Pulmonary arteritis can be caused by different diseases. Behçet's disease can involve arteries and veins, both small and large. ANCA-associated vasculitides (i.e., microscopic polyangitis, granulomatosis with polyangitis, and eosinophilic granulomatosis with polyangitis) affect small pulmonary arteries and can cause alveolar hemorrhage. Although the CT findings in the present case suggested hemorrhage from smaller pulmonary arteries, ANCA-associated vasculitides were considered unlikely, as there were no other symptoms or signs suggestive of ANCA-associated vasculitis, such as fever, arthritis, airway disease, lung disease, or kidney disease, and tests for both MPO-ANCA and PR3-ANCA were negative. Takayasu's arteritis affects larger vessels. However, most patients are female, DVT is a rare complication, and in rare cases where only pulmonary arteries are involved and not large systemic arteries, it usually leads to vascular stenosis (5). Our patient not only met the diagnostic criteria for Behçet's disease, but other diseases were also considered unlikely.
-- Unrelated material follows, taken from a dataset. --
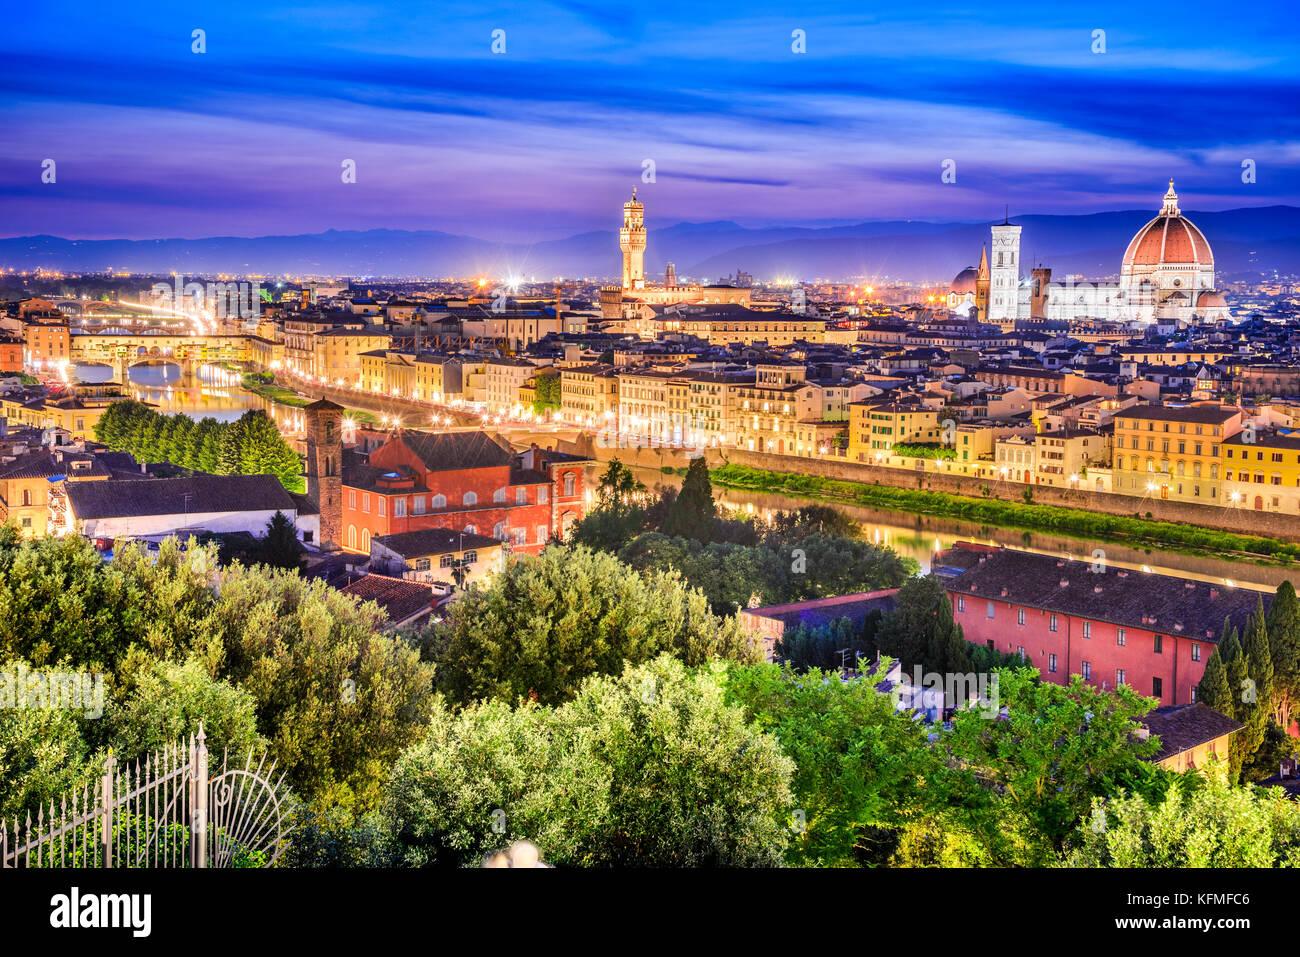 Florence, Tuscany - Night scenery with Duomo Santa Maria del Fiori and Palazzo Vecchio, Renaissance architecture Stock Photo
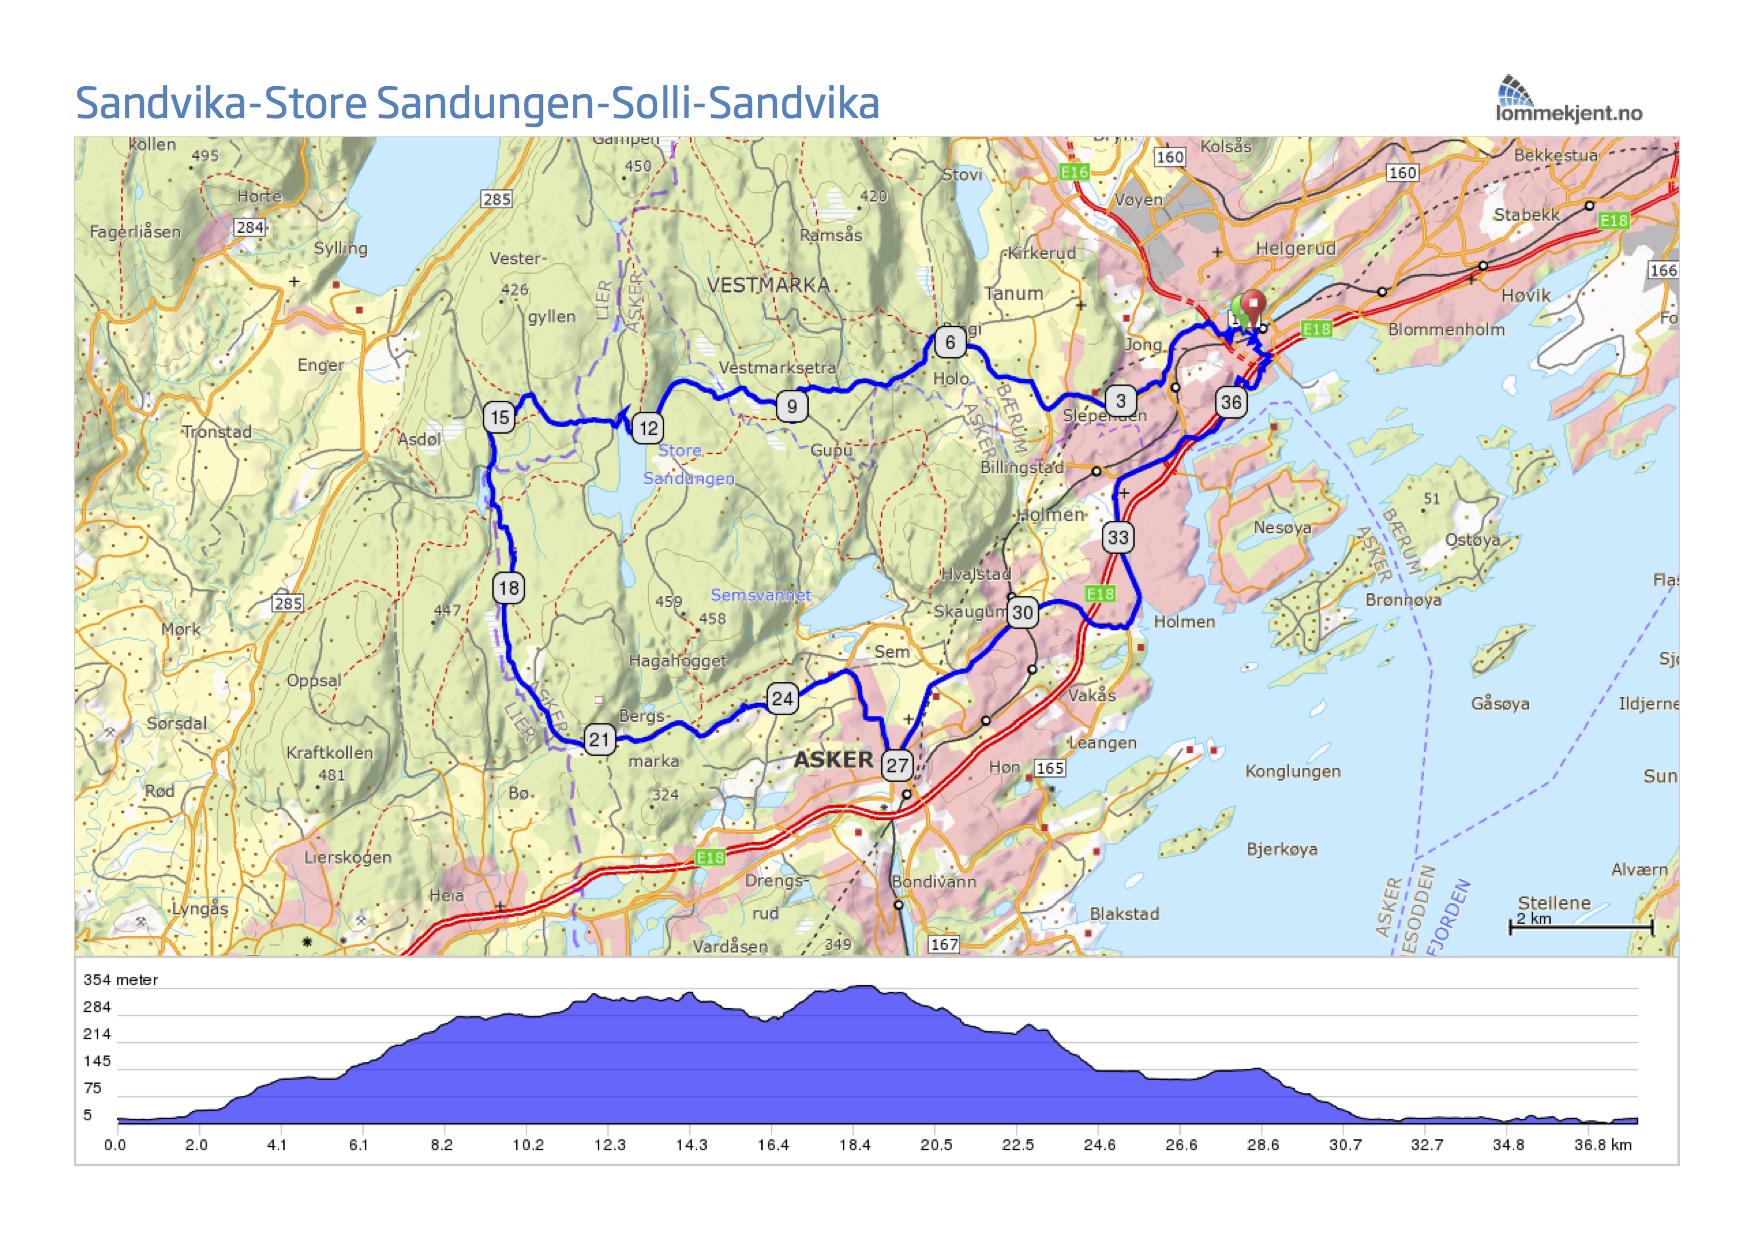 sandvika kart Fra Sandvika til Store Sandungen

No optimal treatment for pulmonary artery aneurysms caused by Behçet's disease has yet been developed. Hamuryudan et al. reported in a case series of 26 patients that intravenous pulses of corticosteroids and cyclophosphamide followed by long-term oral corticosteroids with oral cyclophosphamide or azathioprine improved 5-year survival, from approximately 40% to 80% (6). As such, the European League Against Rheumatism currently recommends the use of immunosuppressive agents such as corticosteroids, cyclophosphamide, and azathioprine for treating major vessel diseases. Anti-coagulant therapy is not recommended for treatment of DVT and/or pulmonary artery thrombosis due to the increased risk of fatal hemoptysis in these cases. Surgery is also discouraged unless performed in an emergency setting, due to the high risk of complications and recurrence (7). We decided to administer intravenous pulses of corticosteroids and cyclophosphamide followed by oral corticosteroids and azathioprine, which resulted in resolution of the pulmonary artery aneurysms.

The development of pulmonary artery aneurysms in the present case led to a diagnosis of Behçet's disease, and the aneurysms were successfully resolved with immunosuppressive therapy.